| Work item |
After removing every image, reproduce the data exactly as it appears.

─── Data supplied

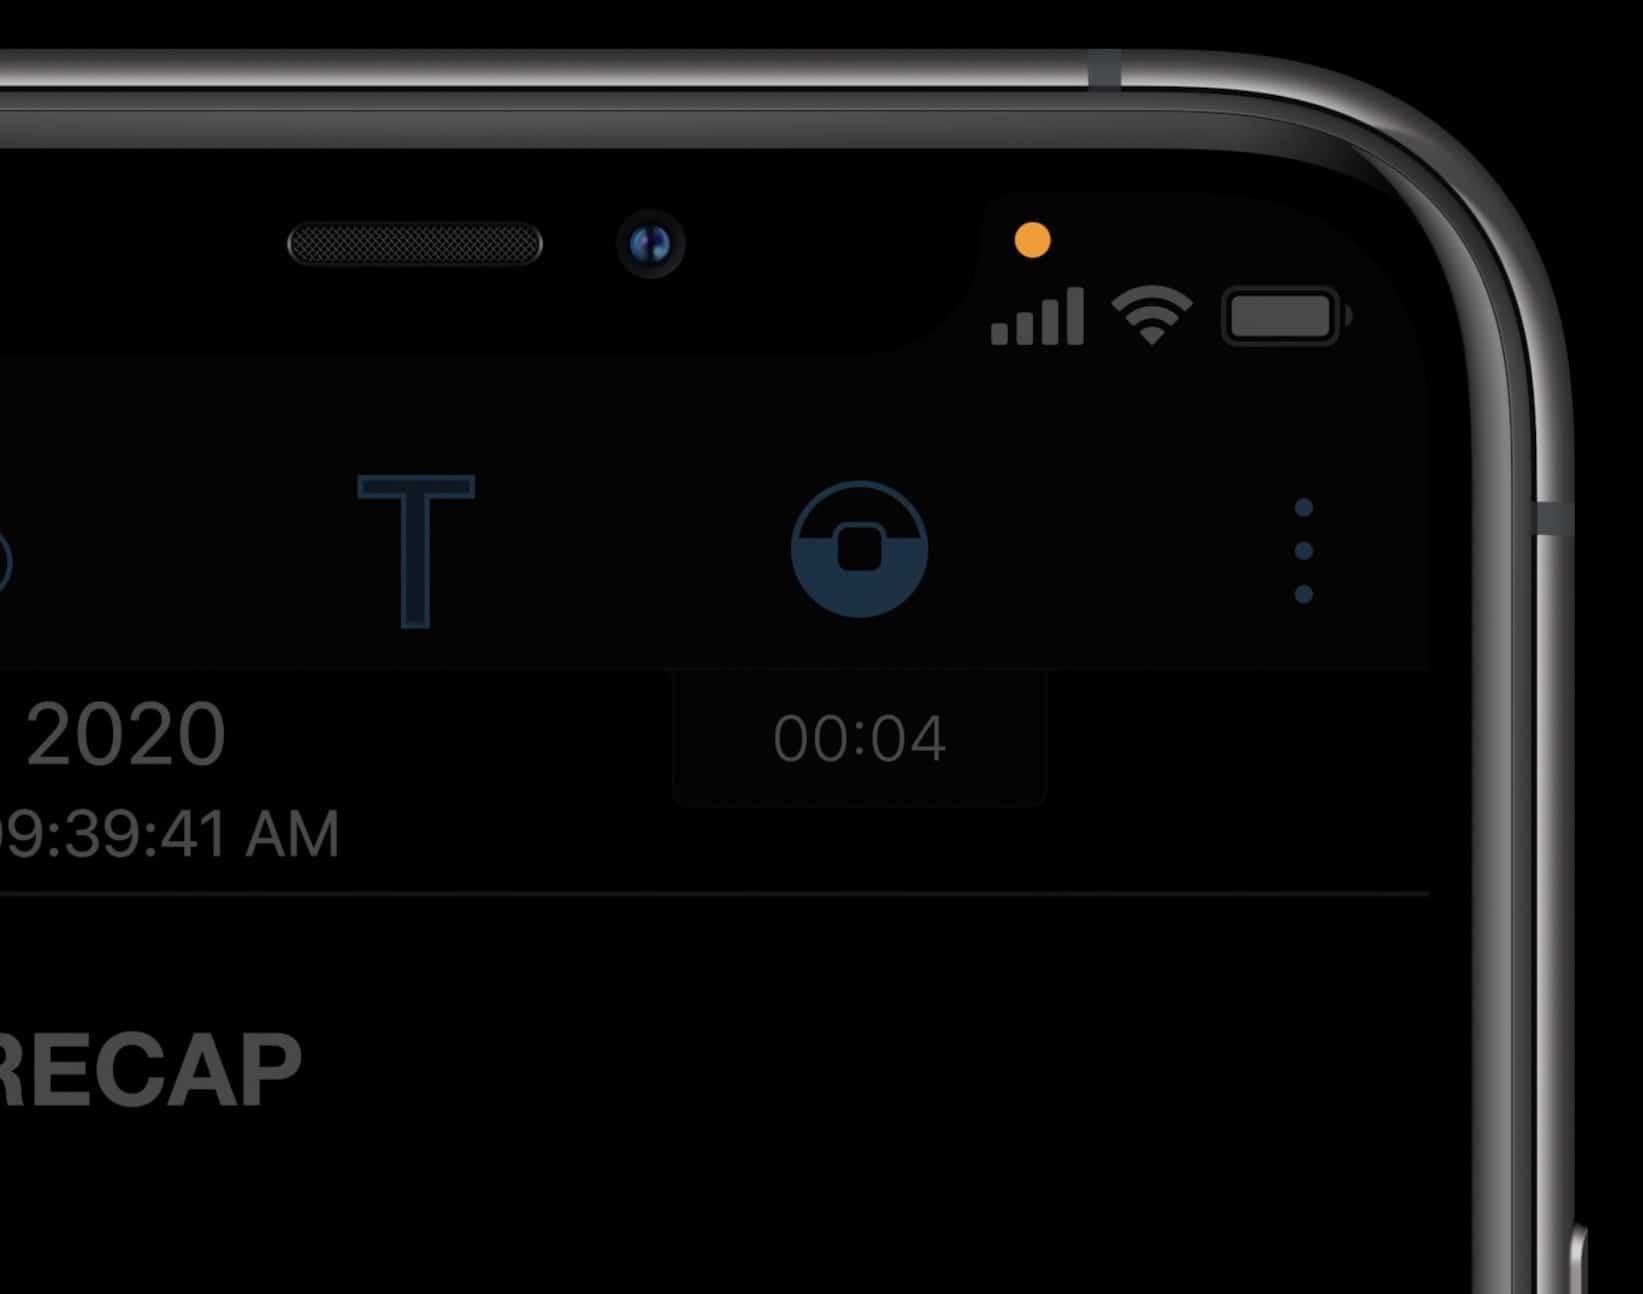 Indicador de acesso à câmera e ao microfone no iOS 14
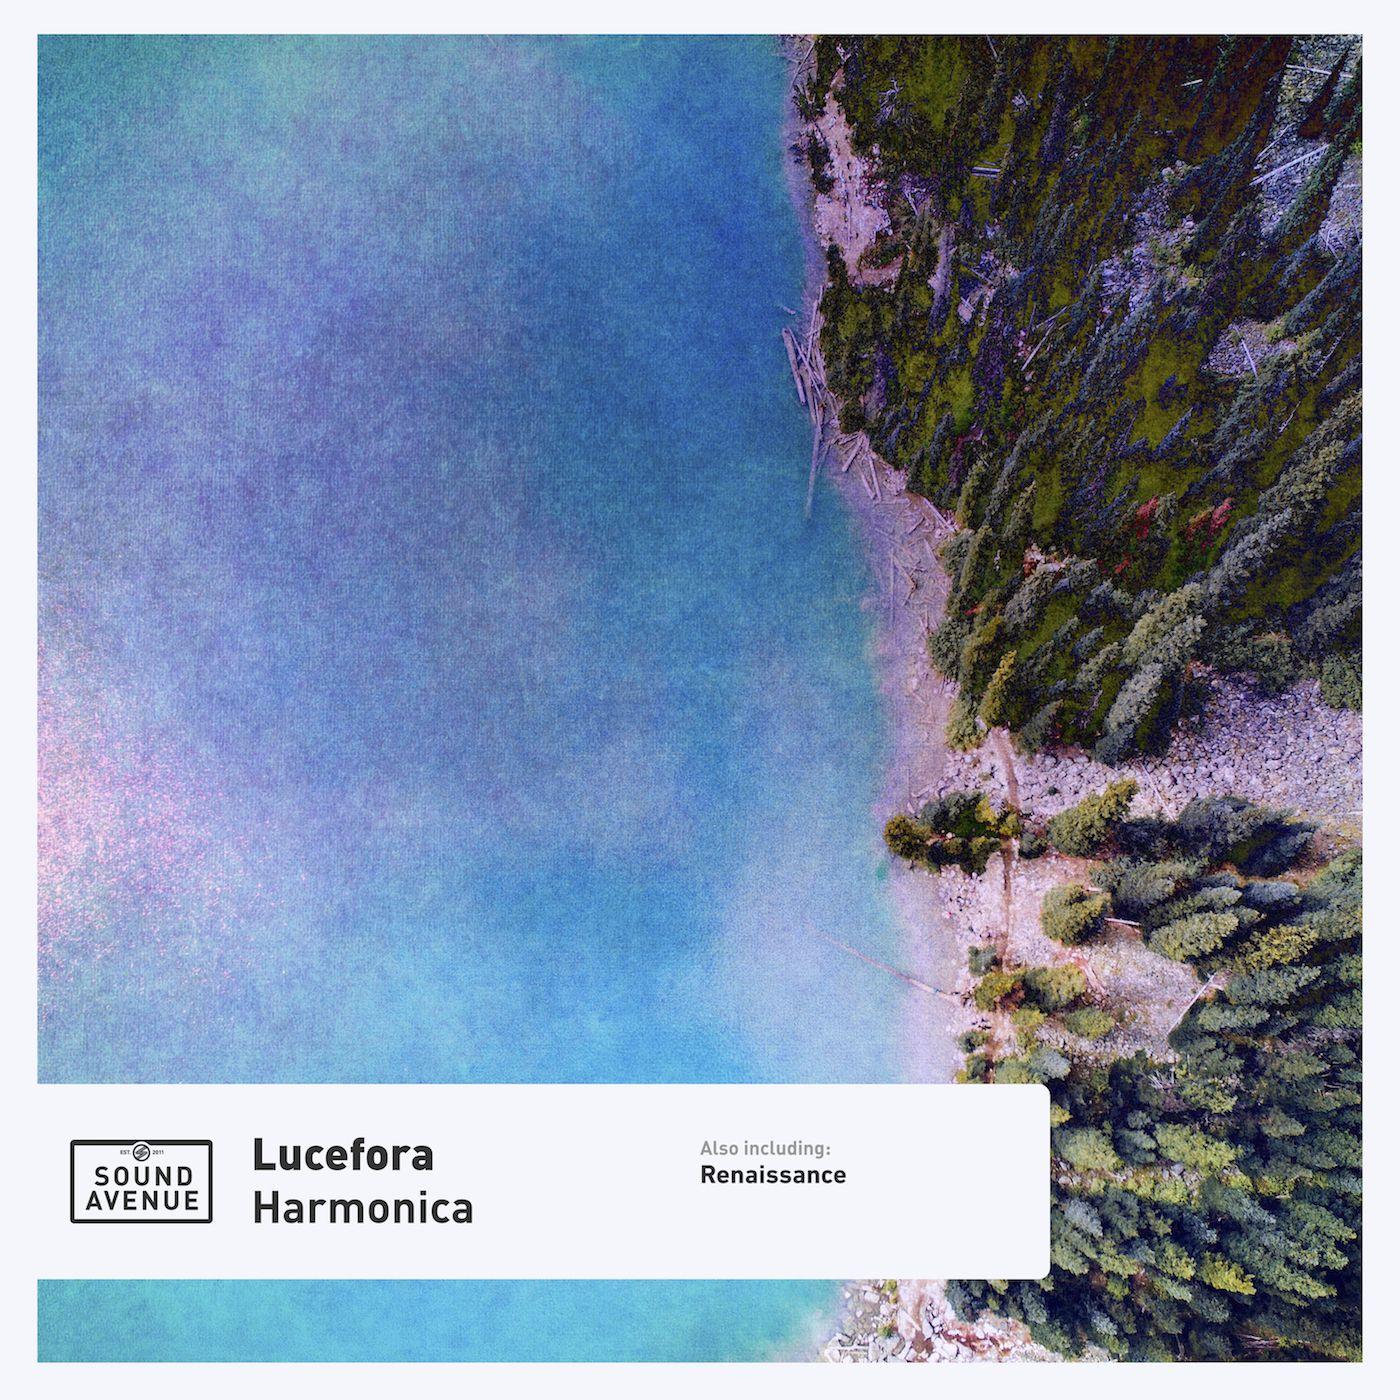 sa092_lucefora_-_harmonica_1400.jpg
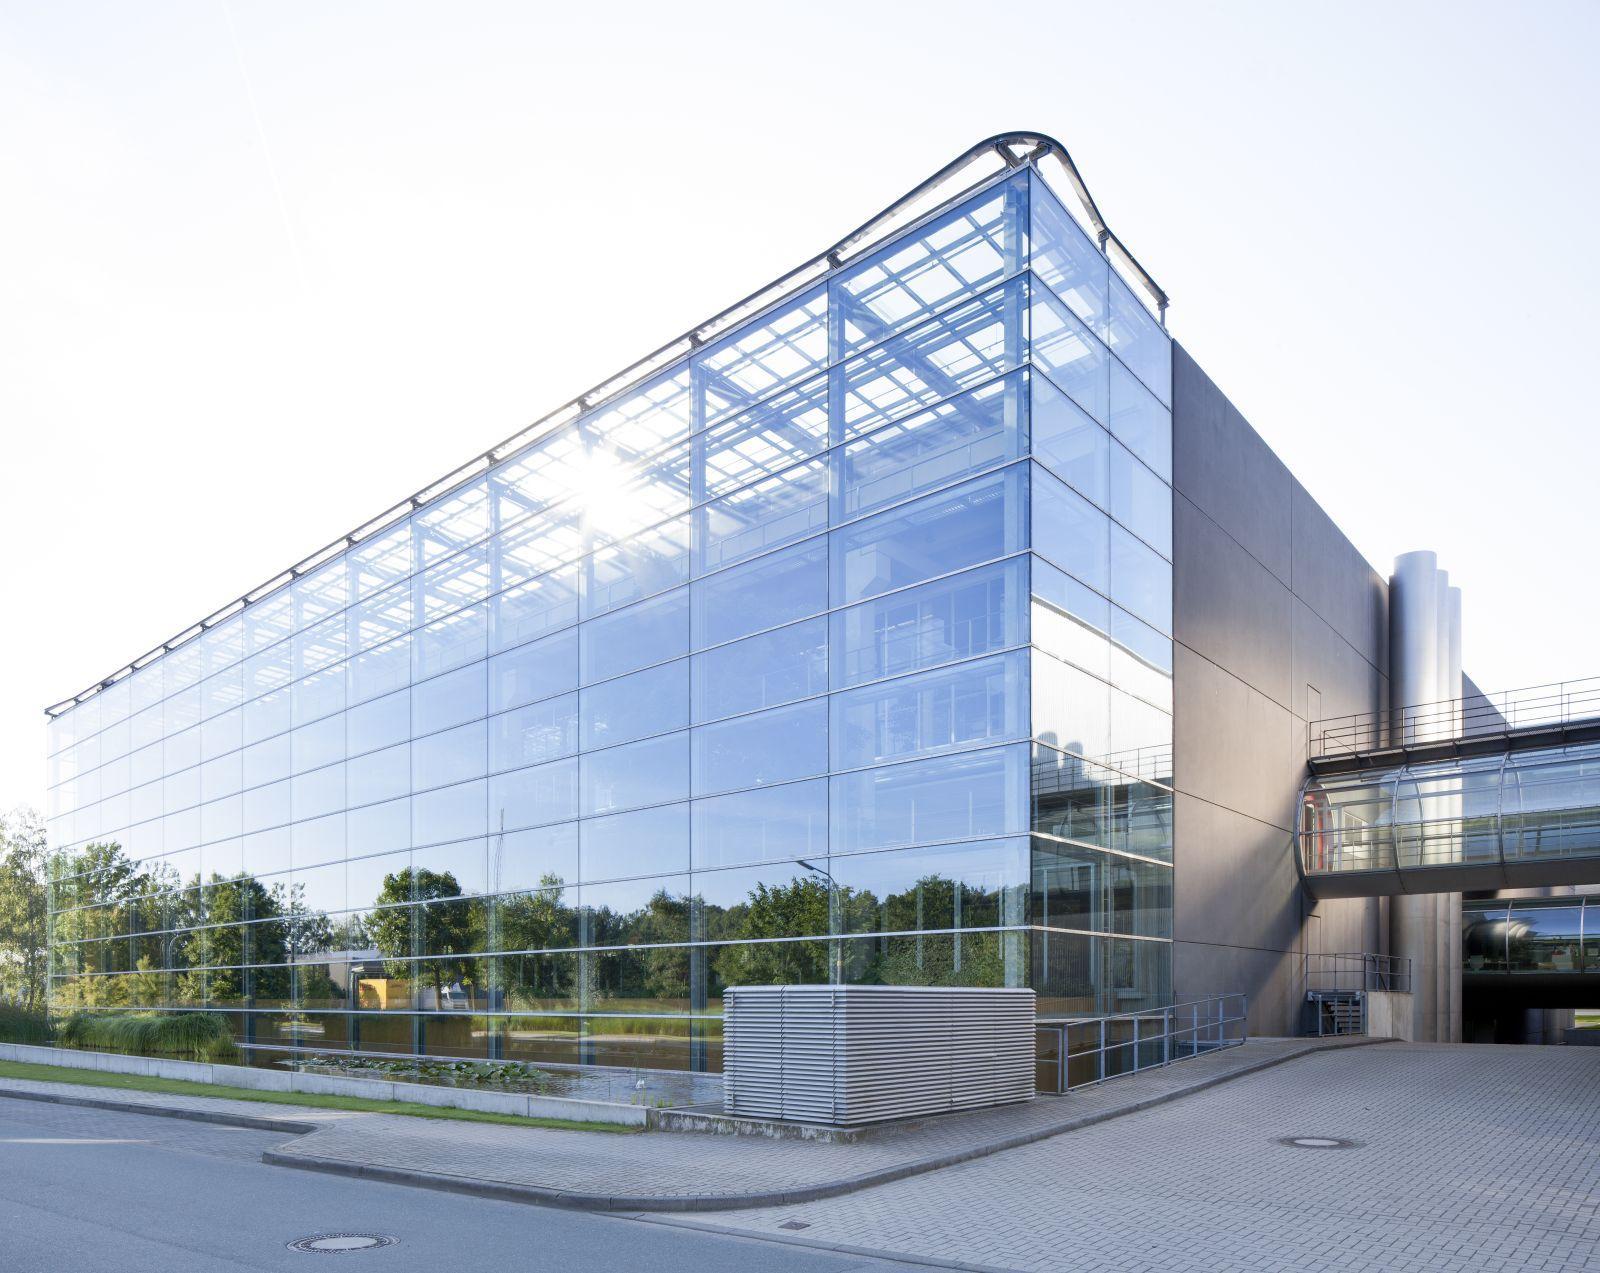 Ernsting s family erweiterung vertriebscenter coesfeld coesfeld ingenieurbau baukunst nrw - Ernsting architekt ...
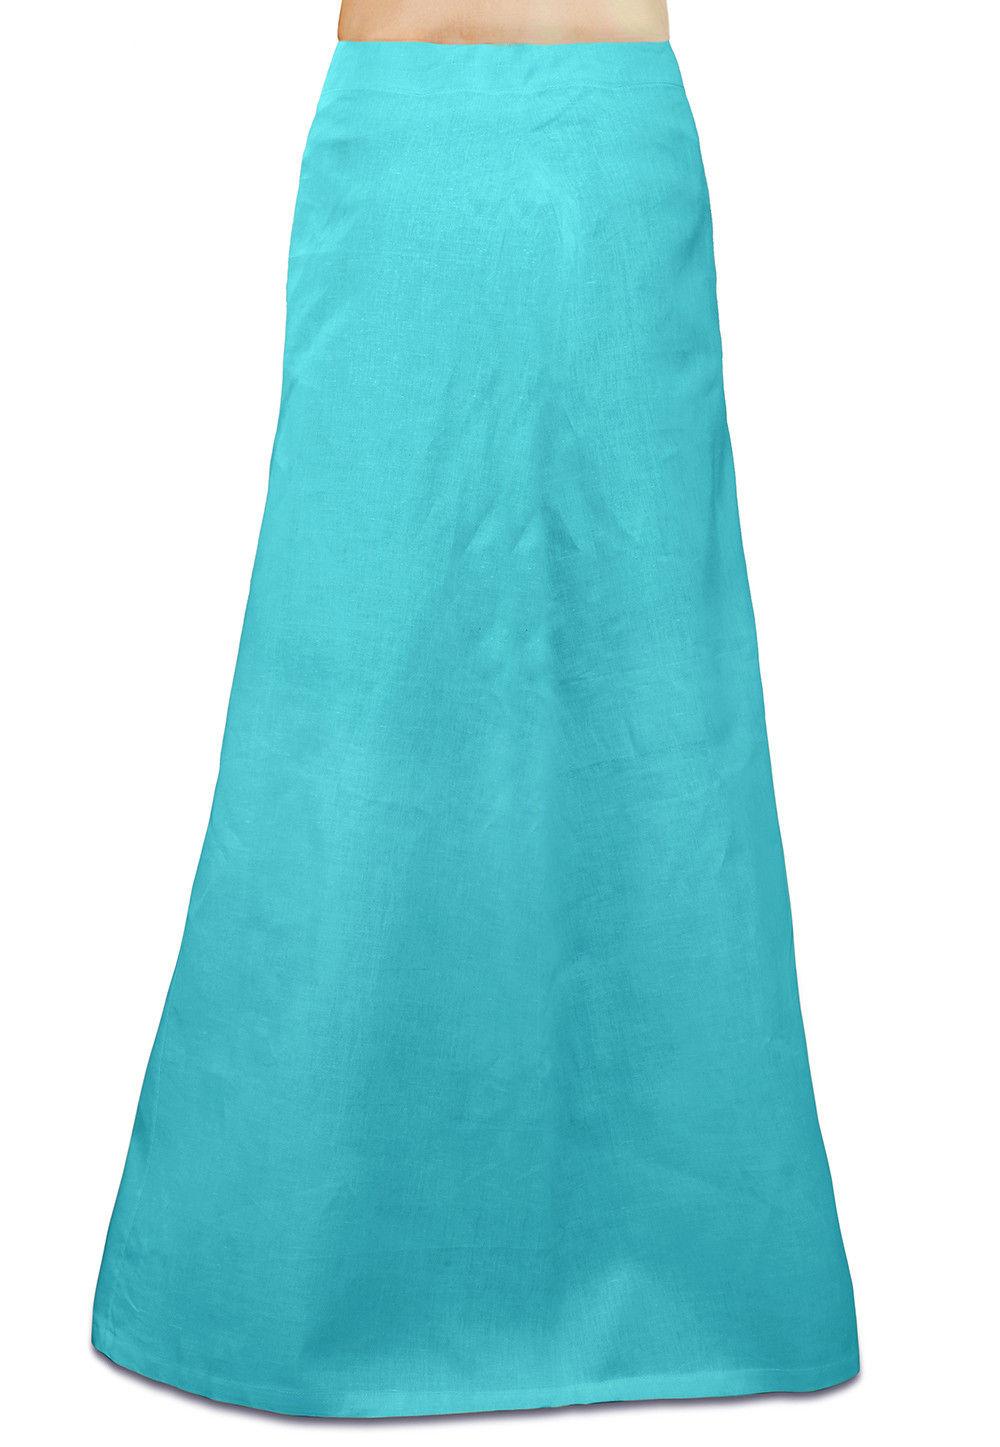 Cotton Petticoat in Sky Blue
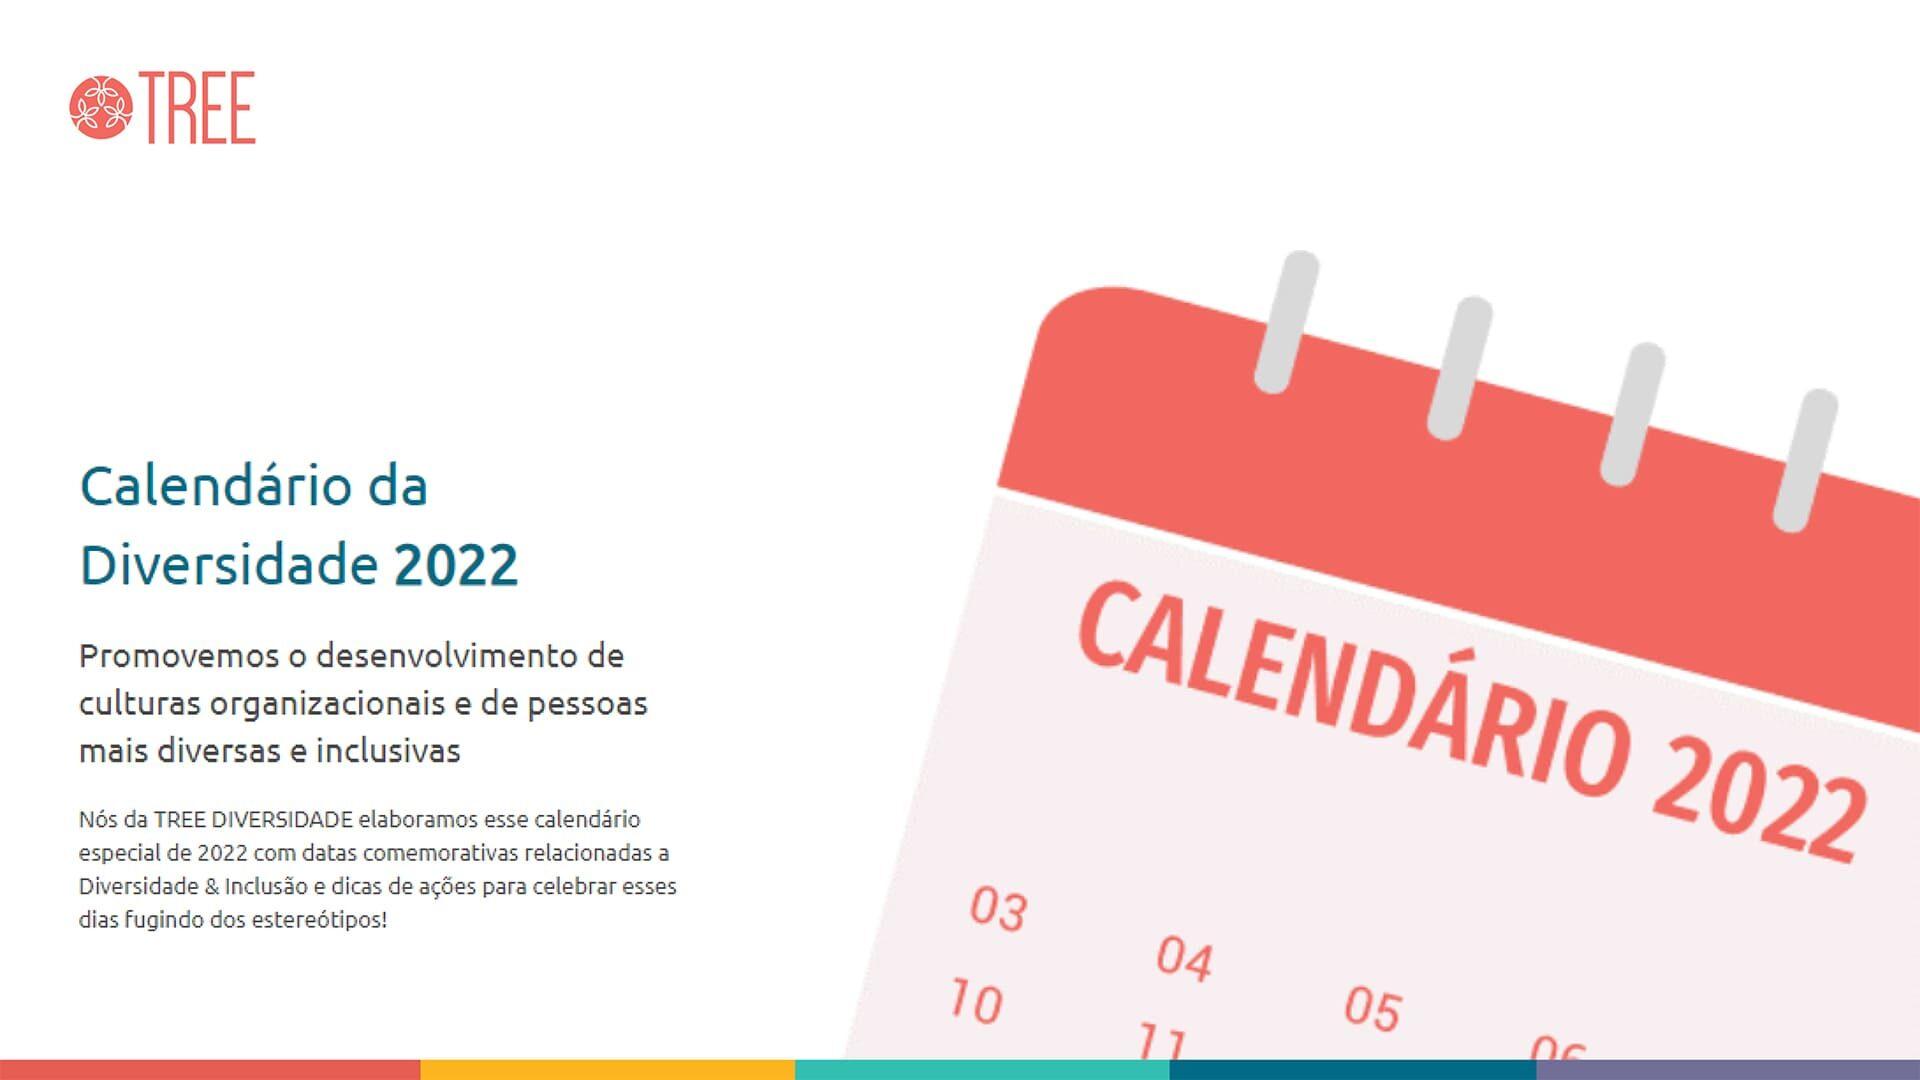 Reprodução da arte com o logotipo Tree. O título: Calendário da Diversidade 2022. E texto descrito na legenda.

──────

| Response to this exercise |
 Indicador de acesso à câmera e ao microfone no iOS 14
 sa092_lucefora_-_harmonica_1400.jpg
 Ernsting s family erweiterung vertriebscenter coesfeld coesfeld ingenieurbau baukunst nrw - Ernsting architekt ...
 Cotton Petticoat in Sky Blue
 Reprodução da arte com o logotipo Tree. O título: Calendário da Diversidade 2022. E texto descrito na legenda.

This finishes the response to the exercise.